◆ Supplied information

# # #

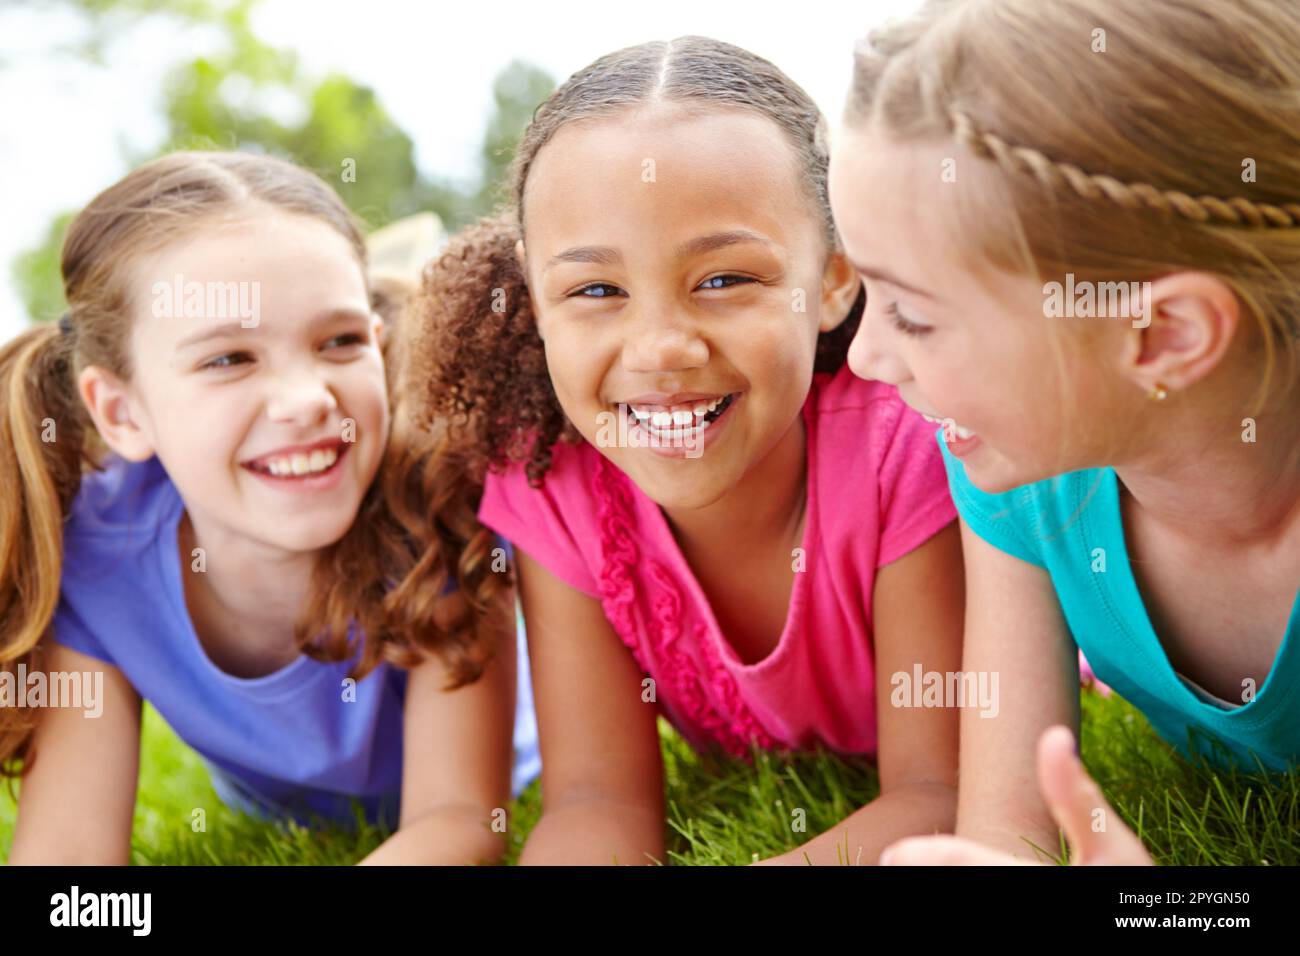 Theyre così un trio formidabile. Tre ragazze multietniche sdraiate sull'erba in un parco sorridendo alla macchina fotografica. Foto Stock
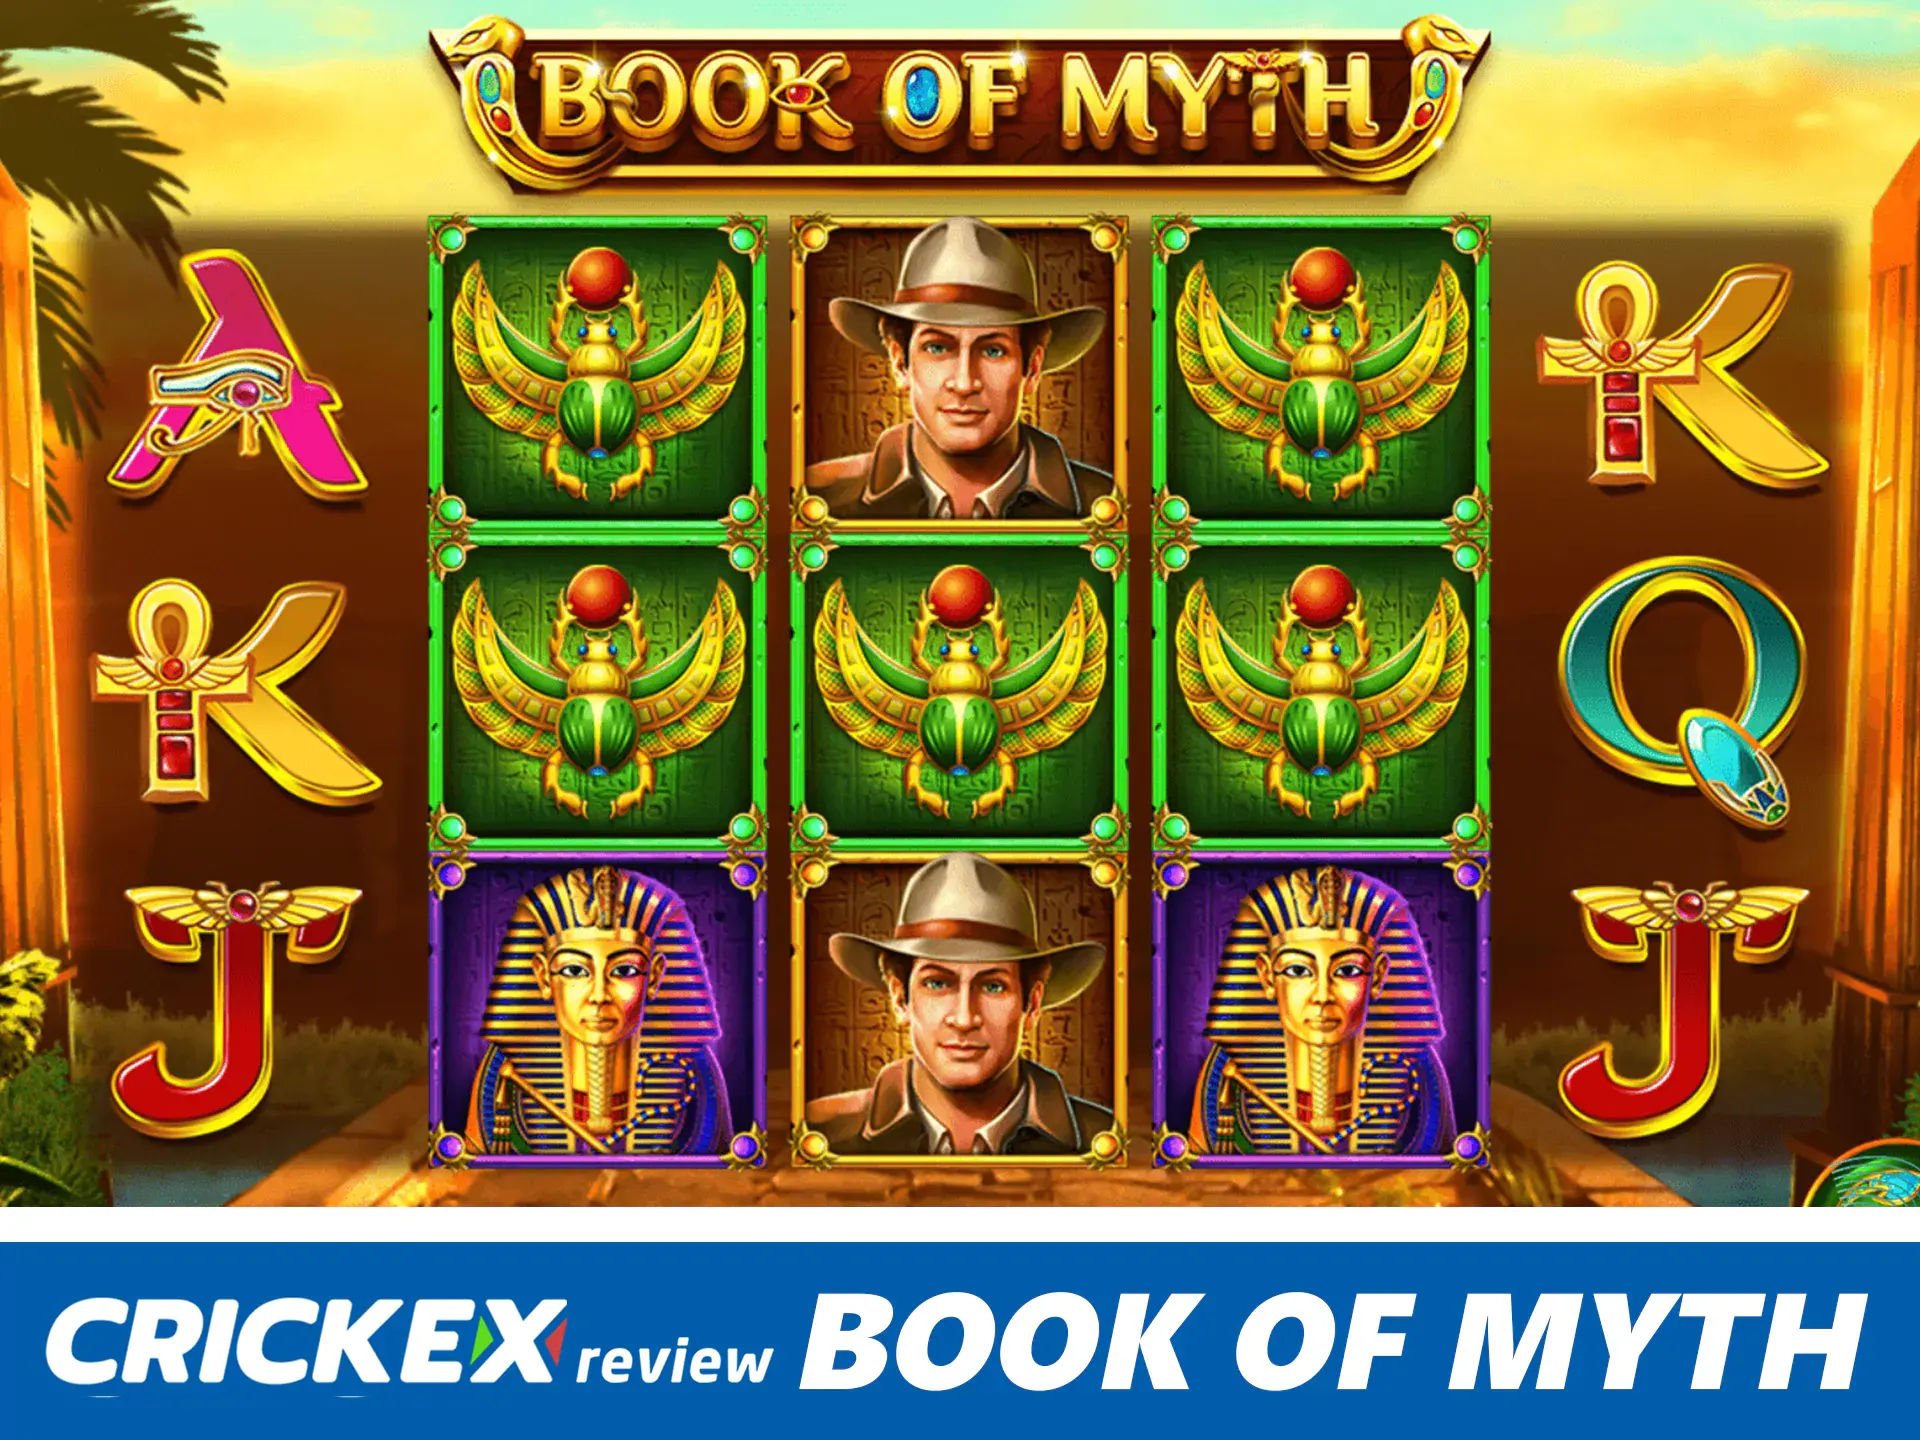 Win big prizes at book of myth slots.
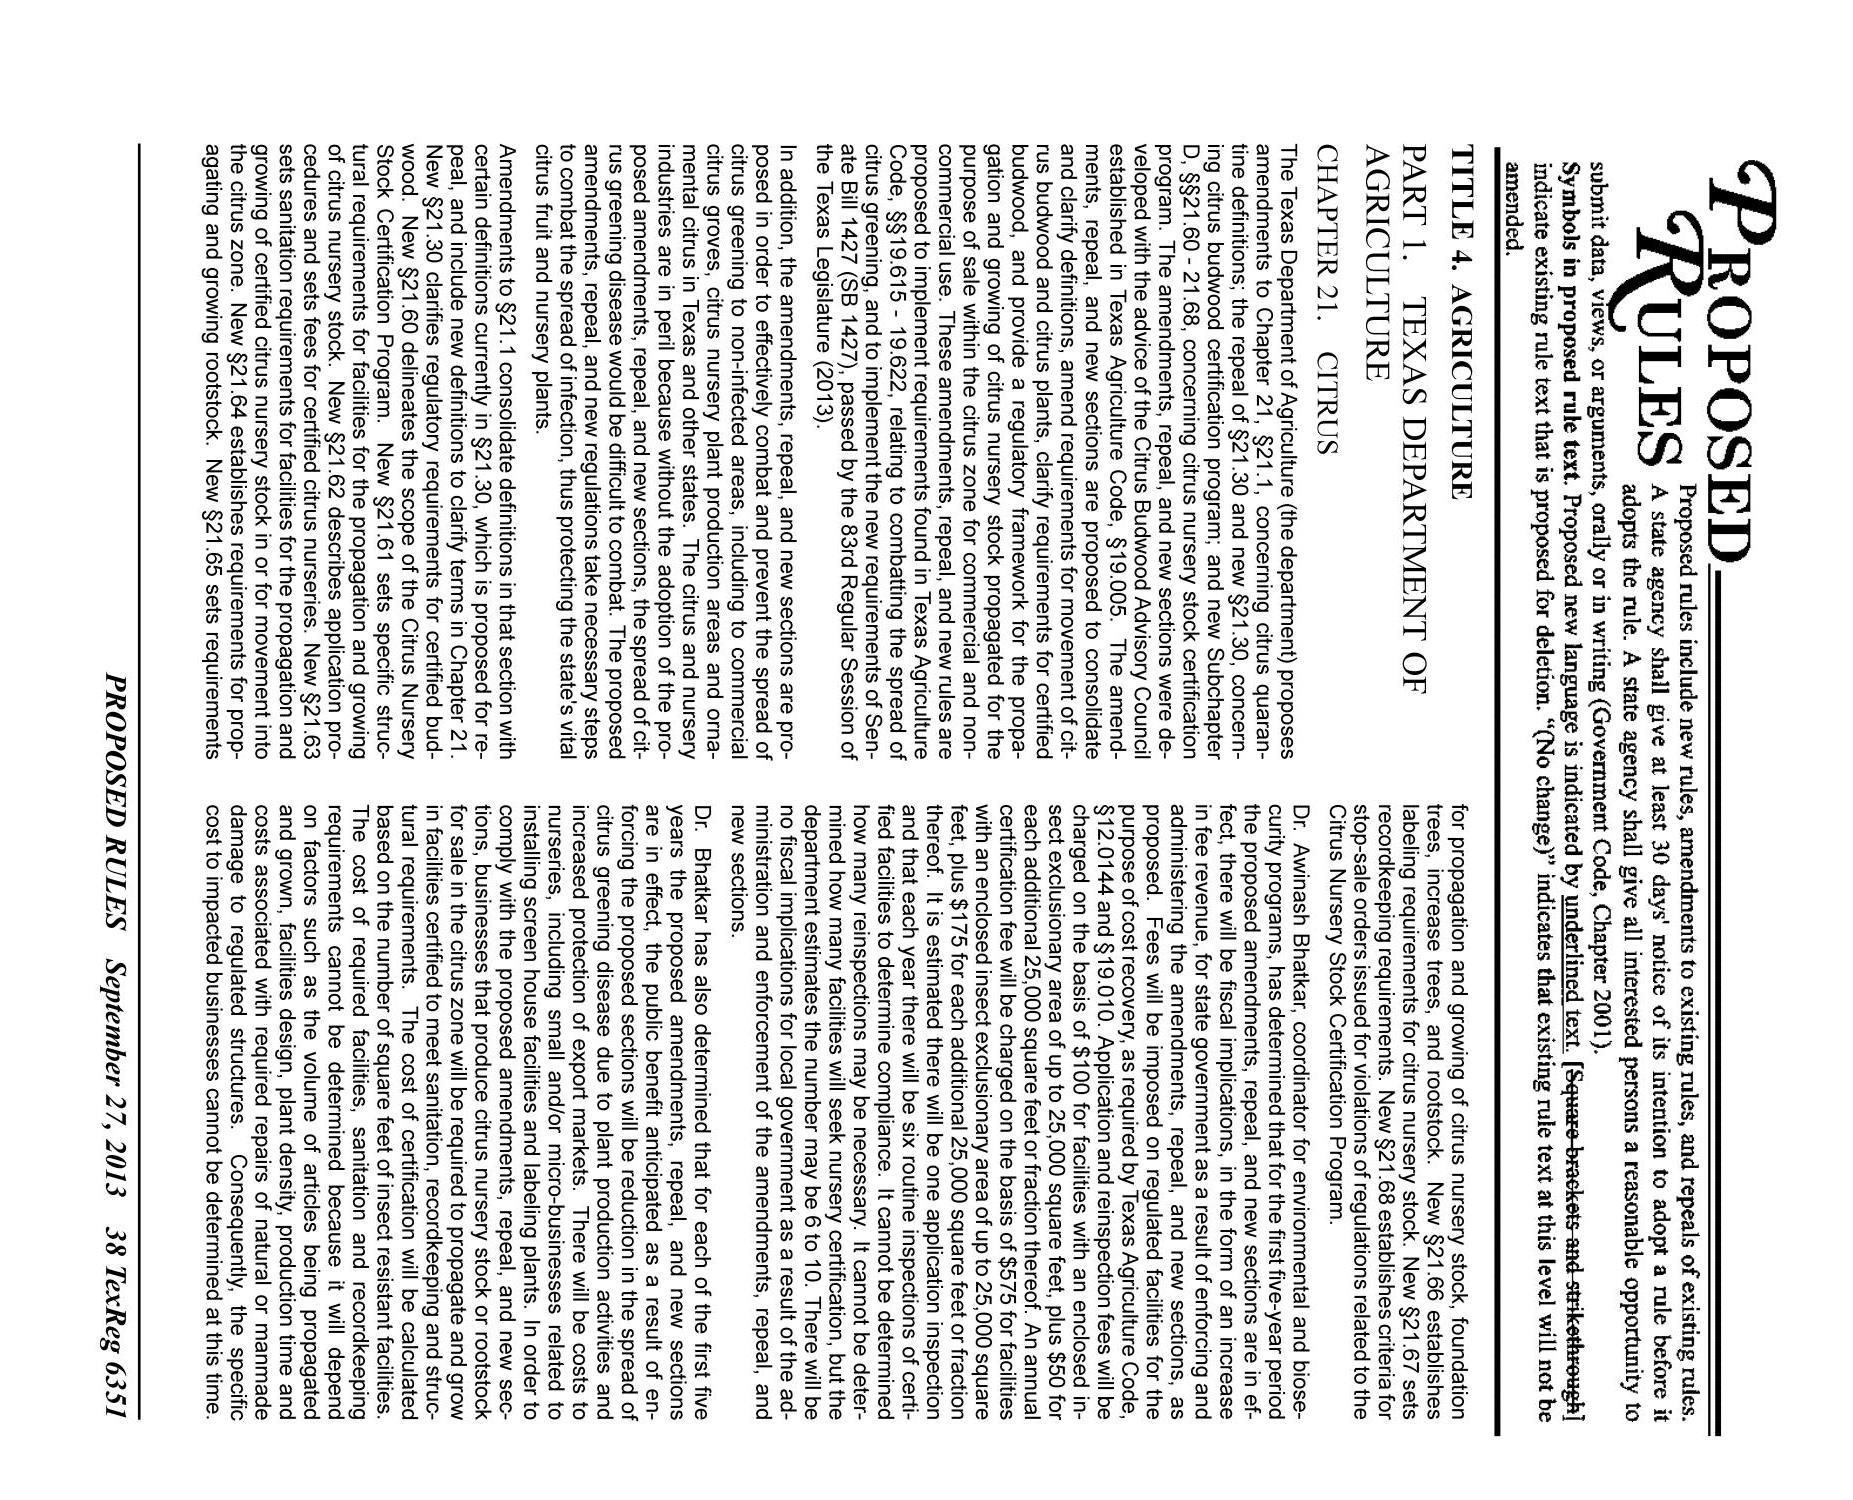 Texas Register, Volume 38, Number 39, Pages 6341-6746, September 27, 2013
                                                
                                                    6351

# # #

◆ Task item
Could you retype exactly, and only, the lines running from the one with "Texas Register, Volume" to the last line of the listing, while leaving any pictures out?

◆ Exercise answer
 Texas Register, Volume 38, Number 39, Pages 6341-6746, September 27, 2013
                                                
                                                    6351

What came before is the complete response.